In Multan, a major city in southern Punjab, authorities have taken extraordinary steps to protect urban centers from the advancing floodwaters. Explosives have been installed at five key embankments, ready to be detonated to divert water away from the city if necessary. Multan Commissioner Amir Kareem Khan said drones are being used to monitor low-lying areas, and teams are working around the clock to persuade reluctant residents to evacuate. As Deputy Commissioner Wasim Hamad Sindhu put it, “The water is coming in large quantities — we cannot fight it, we cannot stop it.”

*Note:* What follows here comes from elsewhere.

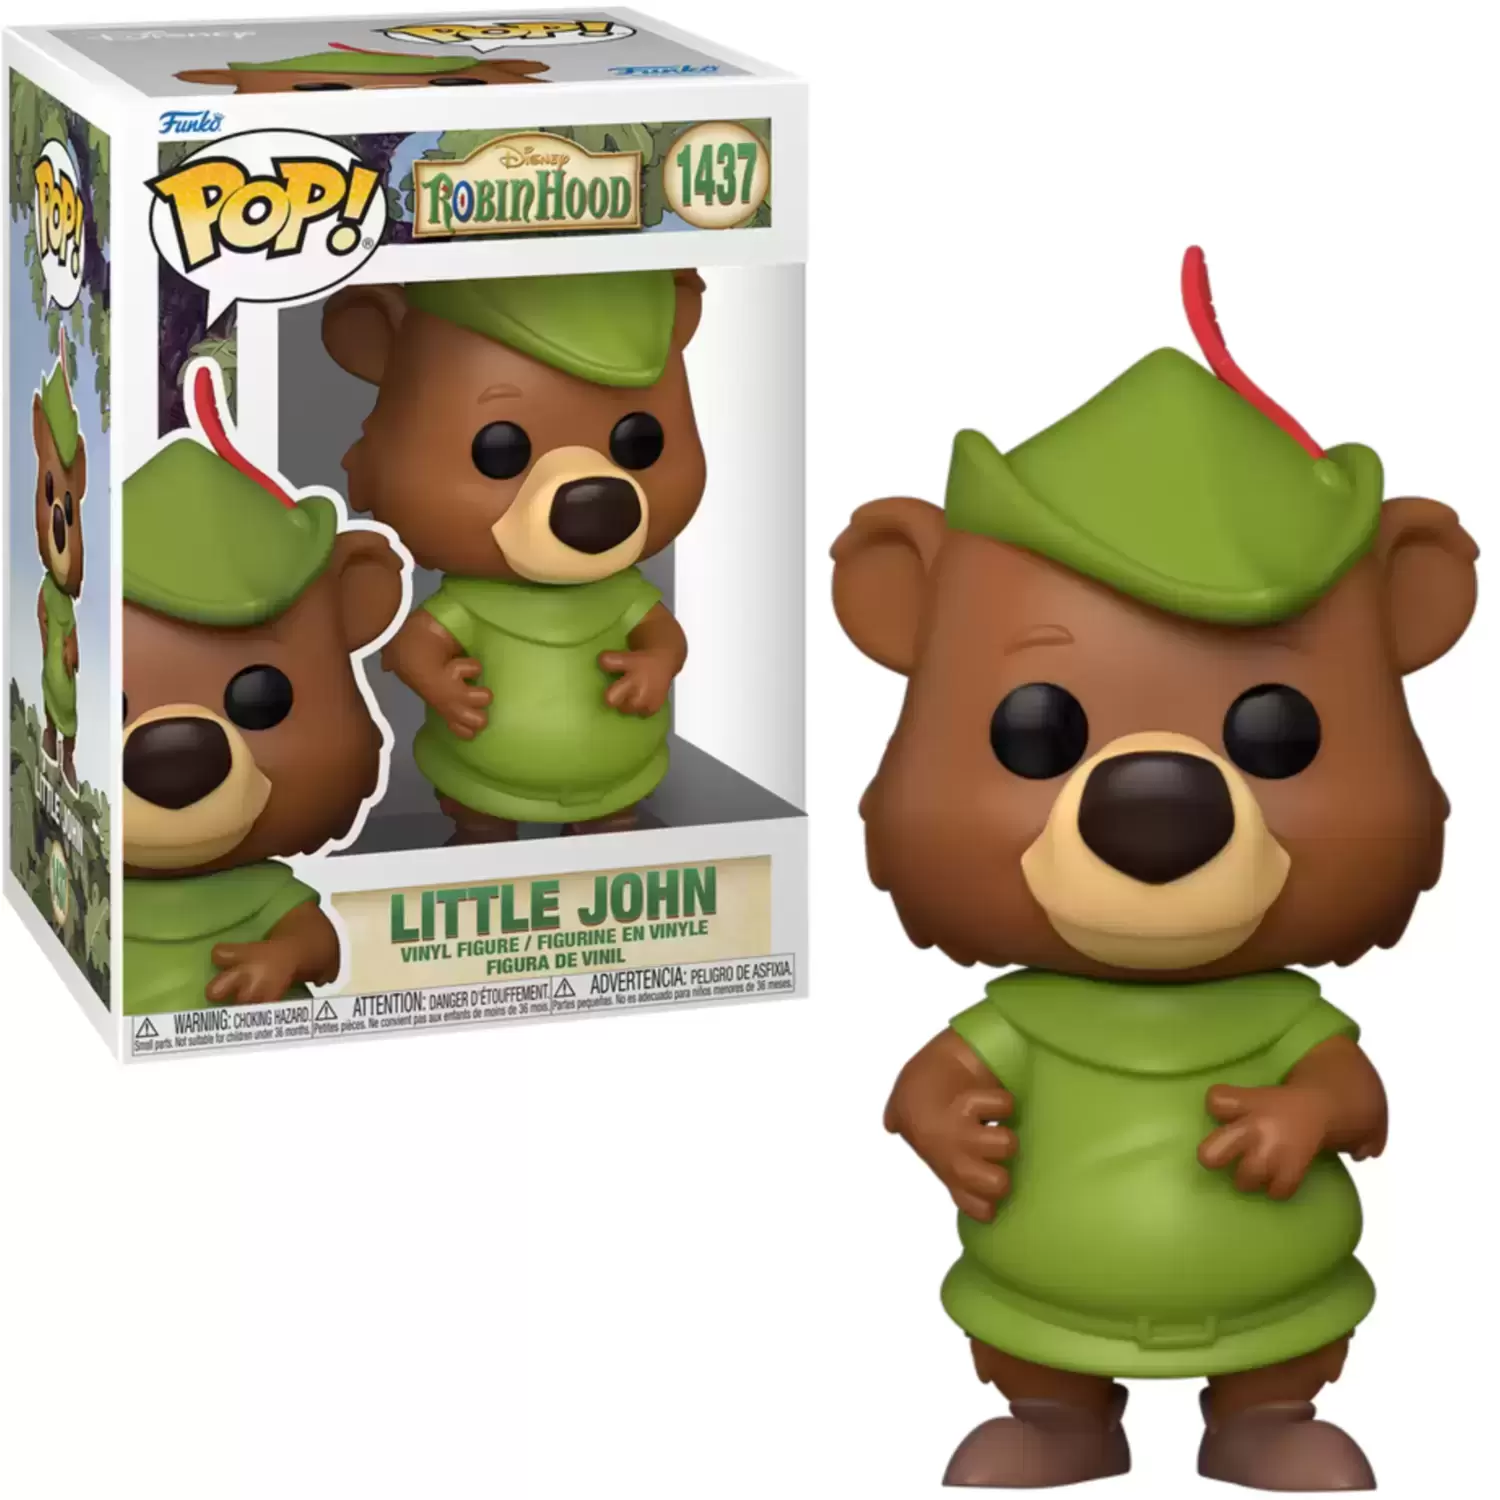 POP! Disney - Robin Hood - Little John

The monsoon season in Pakistan typically runs through the end of September, and with weeks of rain still possible, officials fear the crisis could deepen. Relief groups warn that stagnant floodwaters could trigger outbreaks of waterborne diseases, compounding the humanitarian emergency. In addition to the physical devastation, the psychological toll on survivors is immense. Tabassum Suleman, a 40-year-old cleaner sheltering in a school-turned-relief camp, described the sense of loss: “Look at all the women sitting with me—they’re helpless and distressed. Everyone has lost everything. Their homes are gone, their belongings destroyed. We couldn’t even manage to bring clothes for their children.”
Pakistan’s vulnerability to climate change is once again in sharp focus. The country’s geography and reliance on seasonal monsoons make it particularly susceptible to both droughts and floods. In 2022, unprecedented flooding submerged a third of the nation, with the southern province of Sindh the worst affected. This year, the crisis has shifted to Punjab, but the underlying challenges remain the same: a changing climate, strained infrastructure, and millions of lives at risk.
As the rains continue and the full extent of the damage becomes clear, Pakistan faces a daunting task: rescuing the stranded, sheltering the homeless, and rebuilding a vital agricultural region. The next few weeks will be critical, both for the people of Punjab and for the country as a whole, as they brace for whatever the monsoon may still bring.